*** Given data Section Begins ***
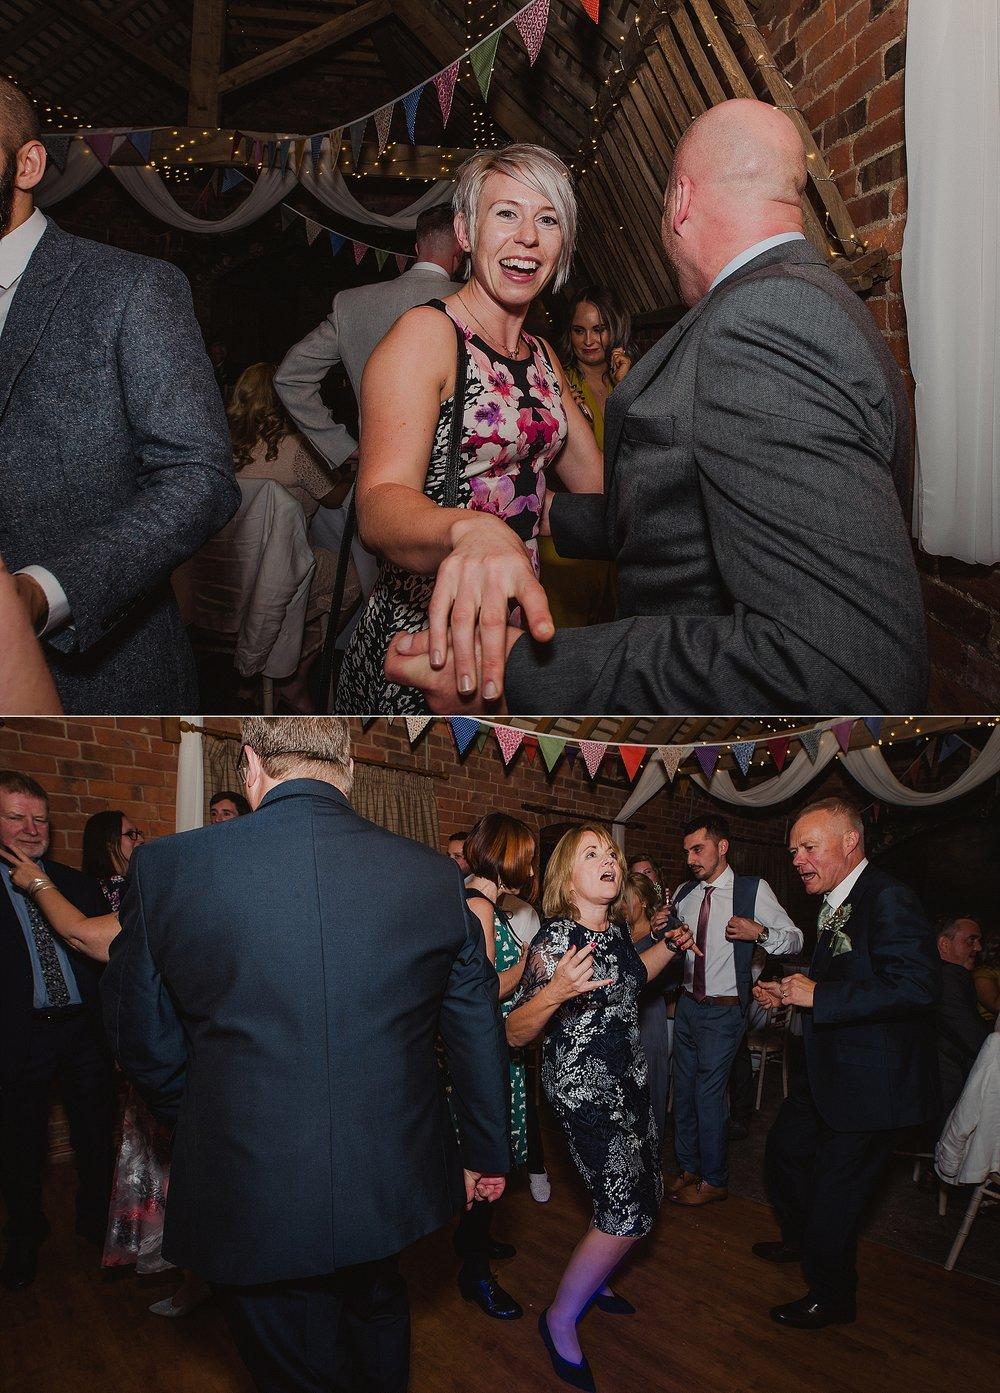 chris_keely_downton_lodge_wedding_0113.jpg
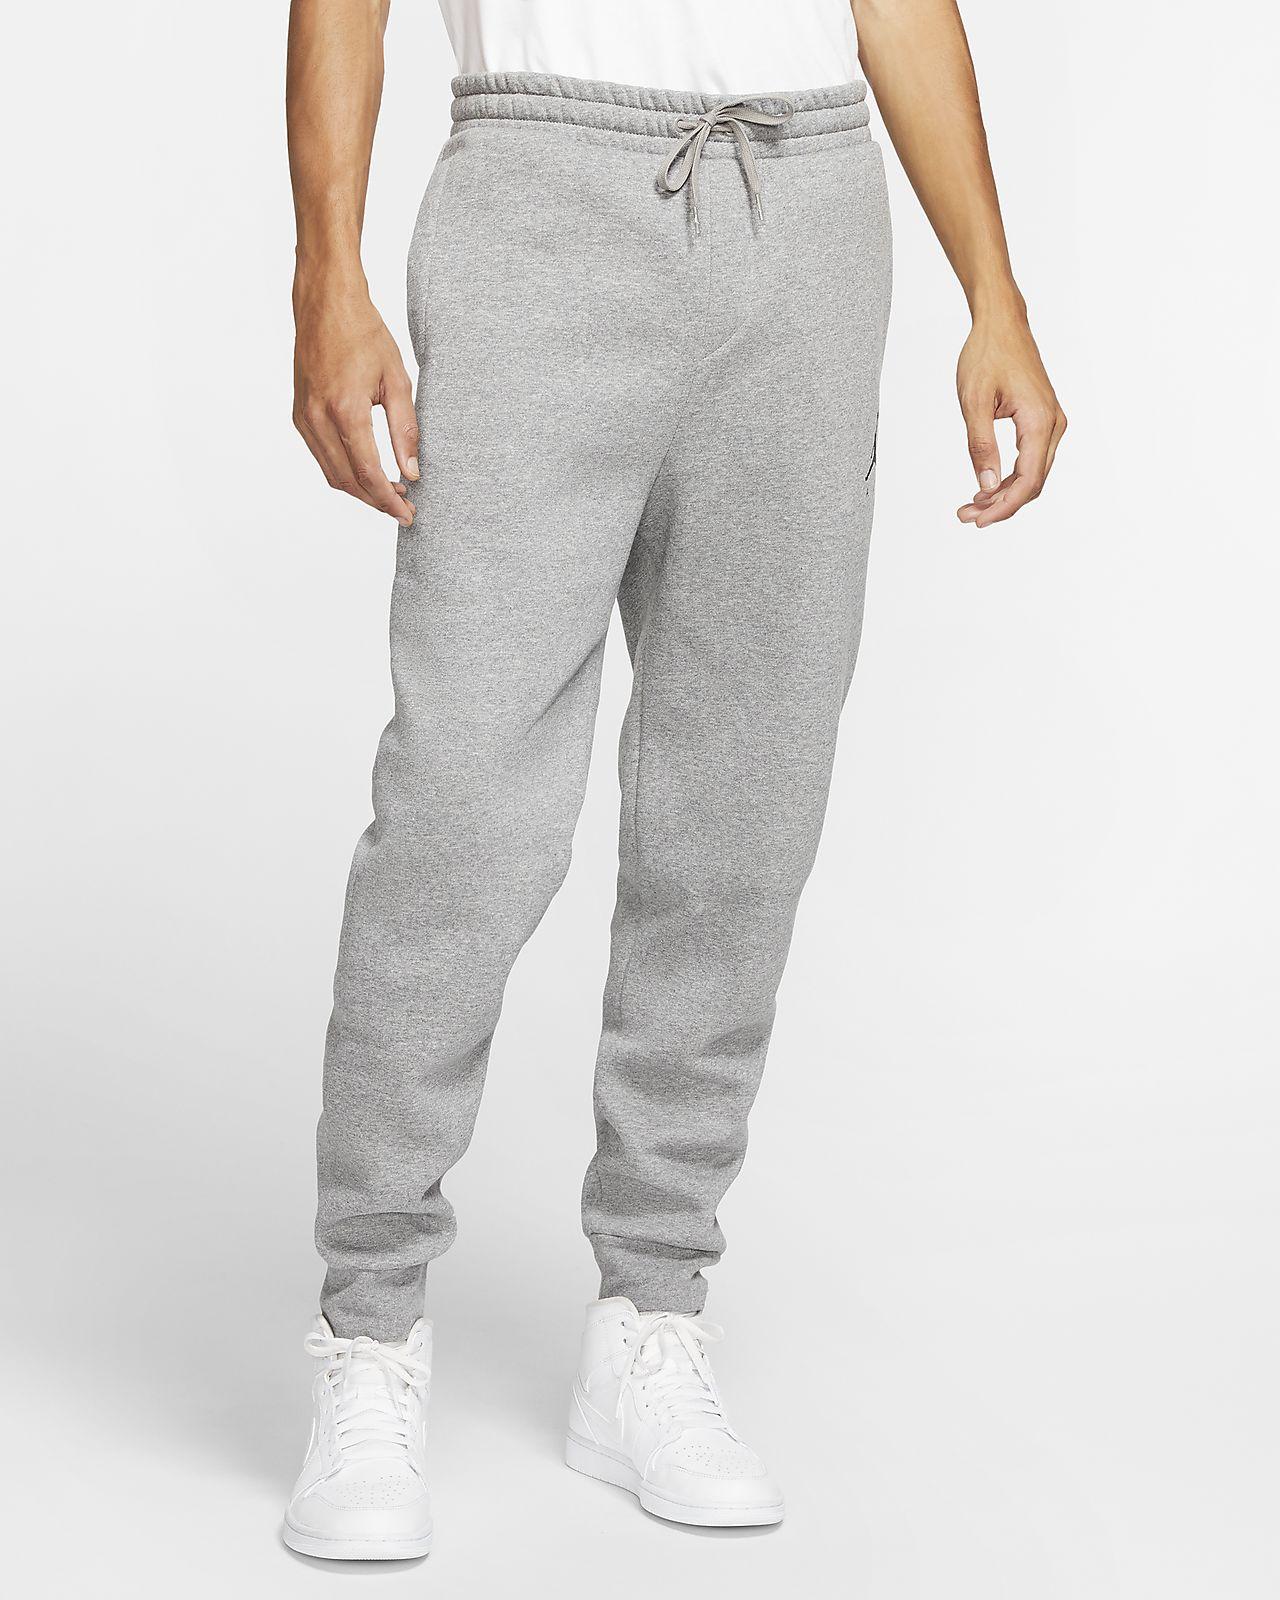 Jordan Jumpman Air Men's Fleece Trousers
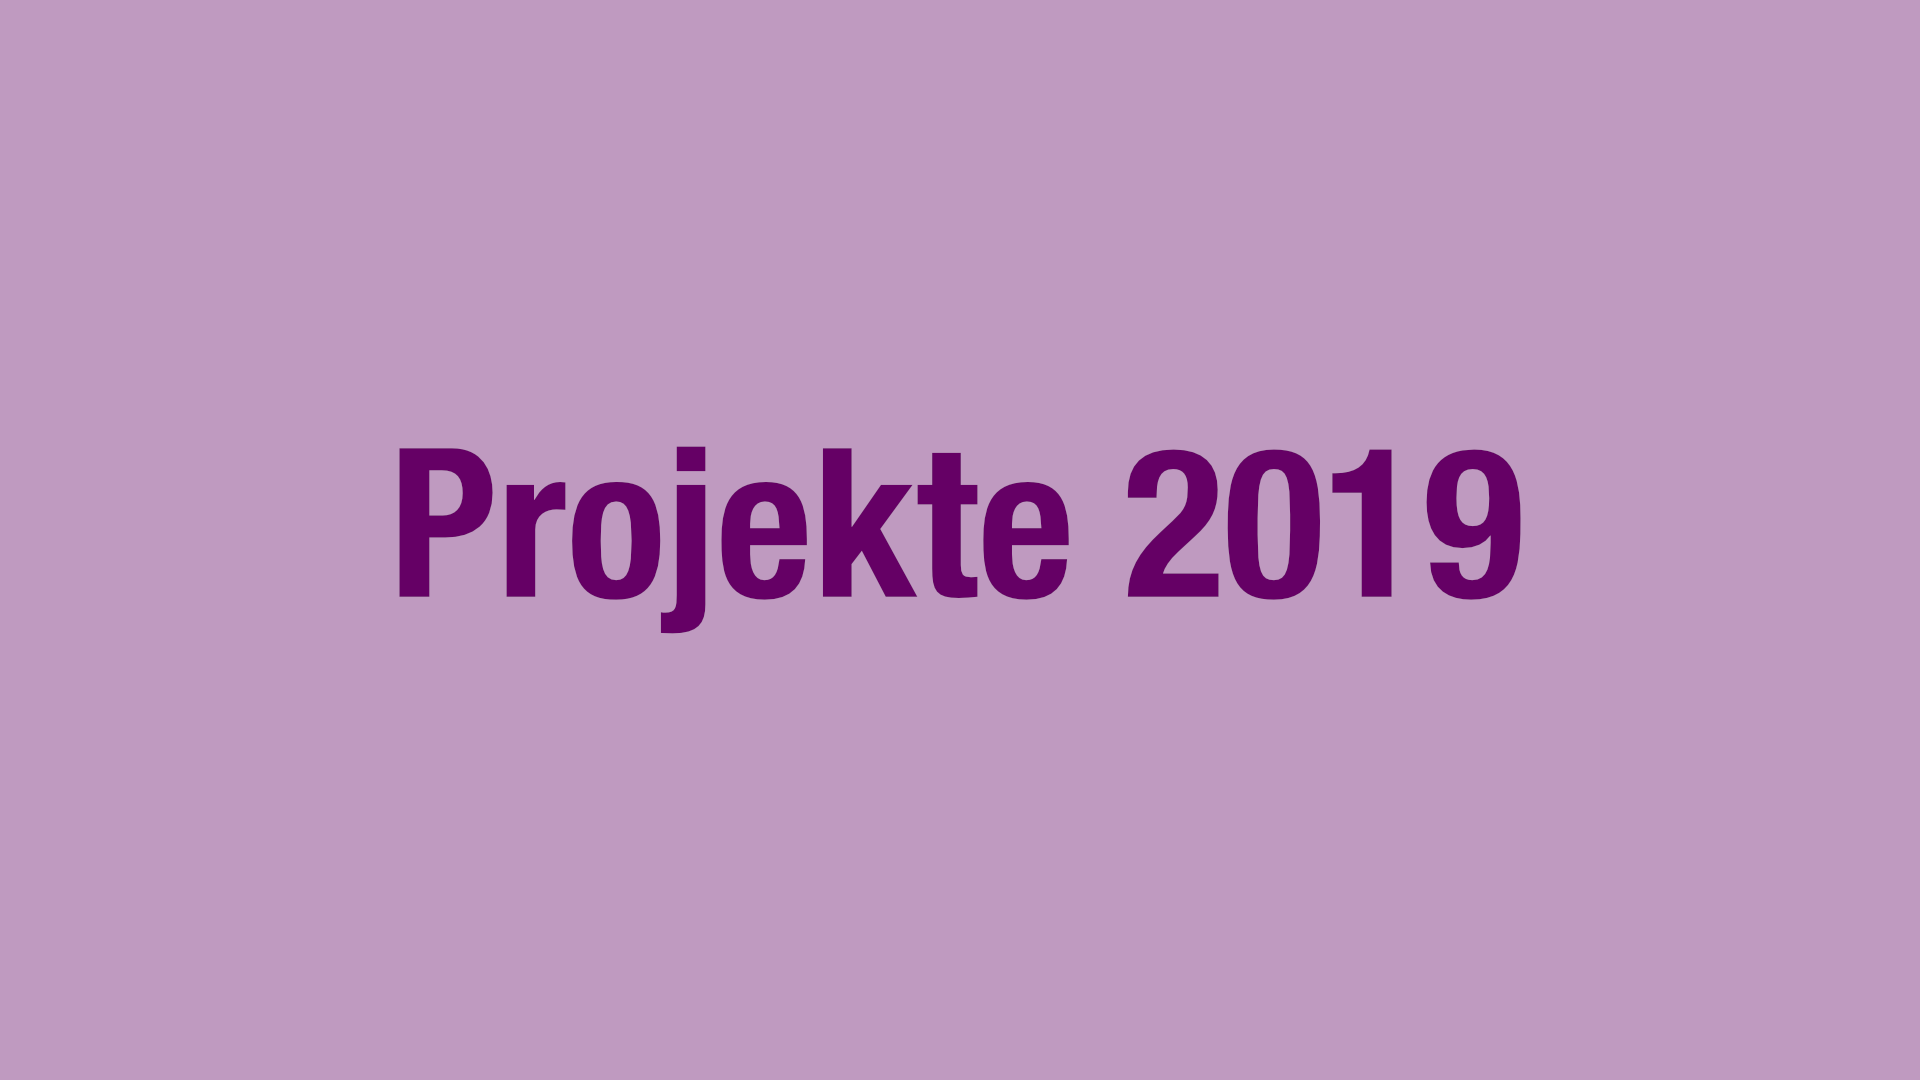 Projekte 2019
*** Given data Section Ends ***
**Directions**
When you copy the lines above, drop the pictures and keep everything else exact.

**Answer area**
 chris_keely_downton_lodge_wedding_0113.jpg
 Jordan Jumpman Air Men's Fleece Trousers
 Projekte 2019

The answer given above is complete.